8. Pode ser que, conforme dizem alguns, fosse costume fa­zer com que os condenados levassem a cruz com a qual seriam crucificados, e parece que a sentença do Salvador faz alusão a isso: Aquele que quiser vir após mim, tome a sua cruz e siga-me (Mc 8,34; Mt 16,24). Por que nos mandaria Ele tomar a cruz, se não fosse costume levá-las os que seriam crucificados nelas? E, se era assim, demonstraram não somente uma grande crueldade ao fazer o Salvador levá-la e sustentar aquele peso, quando mal podia sustentar a si mesmo, mas também sumo desprezo, pois, se a cruz era algo tão infame e desprezível, e que somente os que seriam executados a carregavam, pensaram que não have­ria alguém mais vil e desprezível do que Ele que pudesse ou qui­sesse carregá-la. Não levaram em conta a sua fraqueza e nem o seu cansaço e fadiga, pois não se importavam com Ele. Queriam apenas levá-lo pelas ruas públicas à vista do povo, humilhado e ofendido, carregando um peso tão infame, e que pela cruz todos soubessem que Ele seria crucificado nela. O Senhor abraçou-a de boa vontade, vendo e considerando as maravilhas que realizaria por meio dela, e através dela carregou sobre os ombros o peso dos nossos pecados, o qual somente Ele conseguiria suportar; e levantou no alto o cetro do seu império, conforme disse Isaías: Carregou sobre seus ombros o seu reino e o seu império. E tomando sobre si a cruz, saiu para o lugar chamado Calvário (Jo 9,17).

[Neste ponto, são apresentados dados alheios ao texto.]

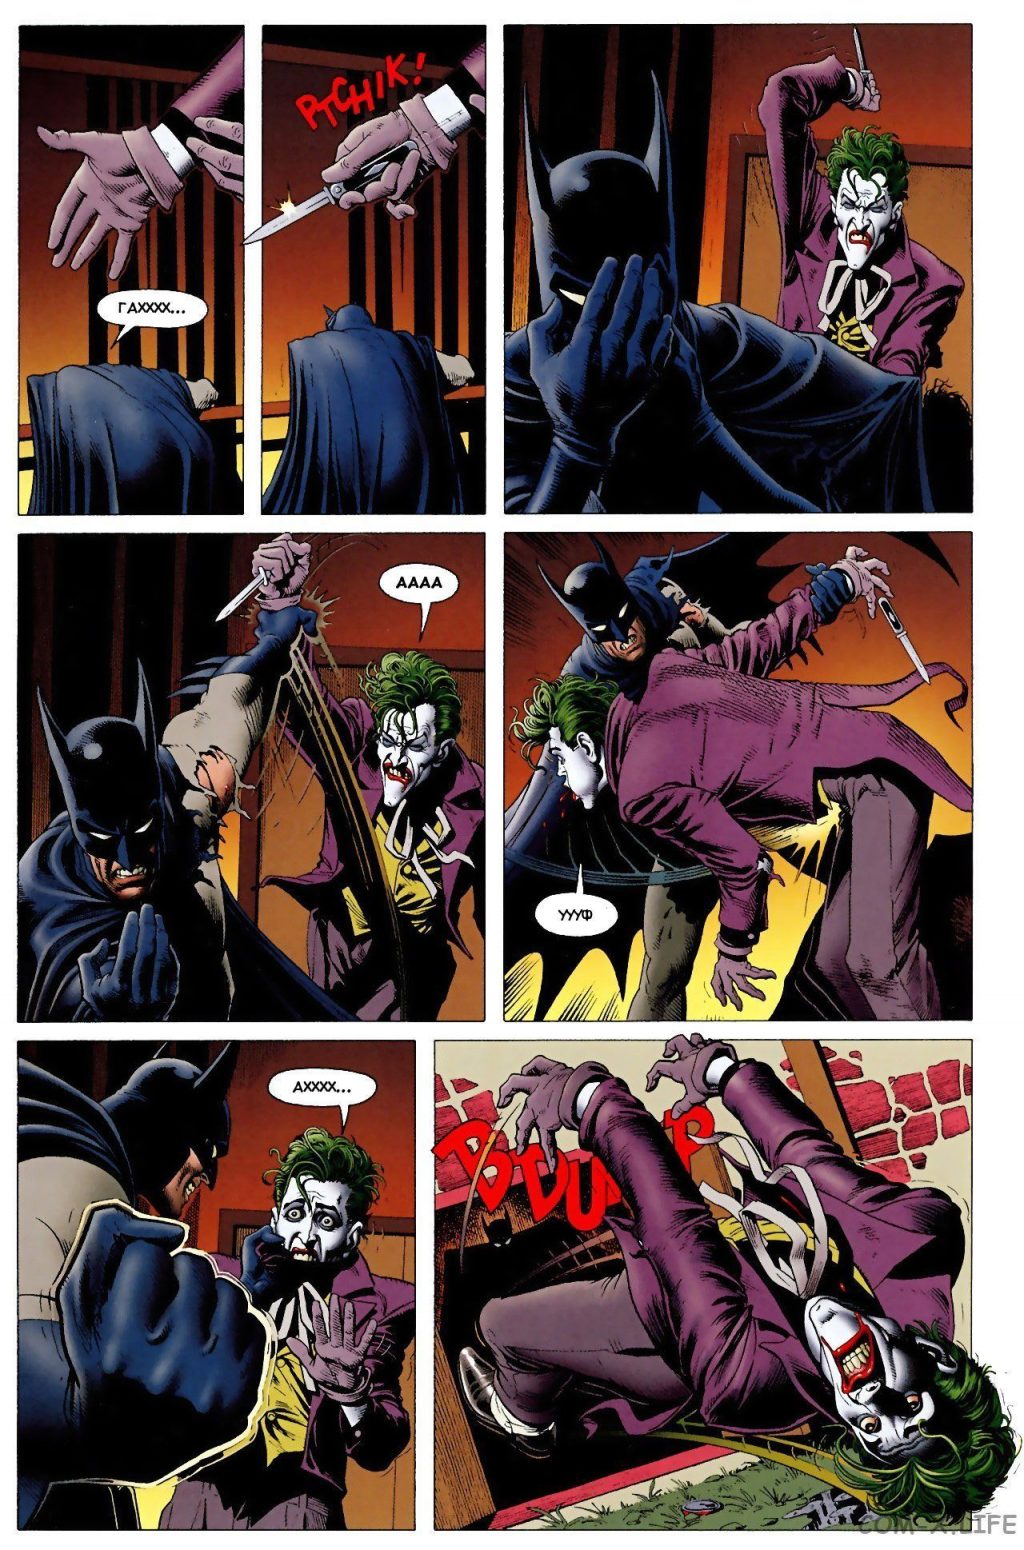 Читати онлайн комікс «Бетмен. Убвичій жарт» російською мовою безкоштовно

9. Assim, o Senhor começou a caminhar pelas ruas públicas de Jerusalém. Adiante ia uma multidão, depois os sacerdotes, os anciãos e magistrados, os escribas e fariseus, muito conten­tes pela vitória que tinham alcançado, seguidos pelos soldados com as suas armas; pois, se os judeus tinham levado os soldados para prendê-lo, muito mais os levariam para crucificá-lo, temen­do sempre que os seus discípulos causassem algum alvoroço no povo; portanto, era preciso estar preparado para qualquer coisa que pudesse acontecer. Depois deles seguiam os verdugos e os encarregados da execução com os cravos, verrumas, cordas, mar­telos e os demais instrumentos necessários. Por último, iam os condenados, que eram três: os dois ladrões, e, depois deles, como o mais insigne, o Salvador com a sua cruz sobre os ombros, segui­do por uma multidão e por mulheres que choravam e se lamenta­vam (Lc 23,27), pois muitos lhe queriam bem e eram gratos pelos benefícios que Dele tinham recebido. Não faltaria nesse ato tão solene a voz do pregoeiro, que iria anunciando a razão pela qual Pilatos condenara aquele homem: pois tinha blasfemado contra Deus, era traidor de César e agitara o povo com os seus embustes e mentiras; e assim o povo concordaria com a sua rigorosa sen­tença. Os soldados faziam barulho com as armas e vociferavam para abrir espaço entre a multidão, que corria insistentemente entre as ruas e bloqueava o caminho, para ver o rosto do Salva­dor, que estava tão diferente do que conheciam. Dessa maneira, Caim, o irmão mais velho, levava Abel para o campo para tirar-lhe a vida.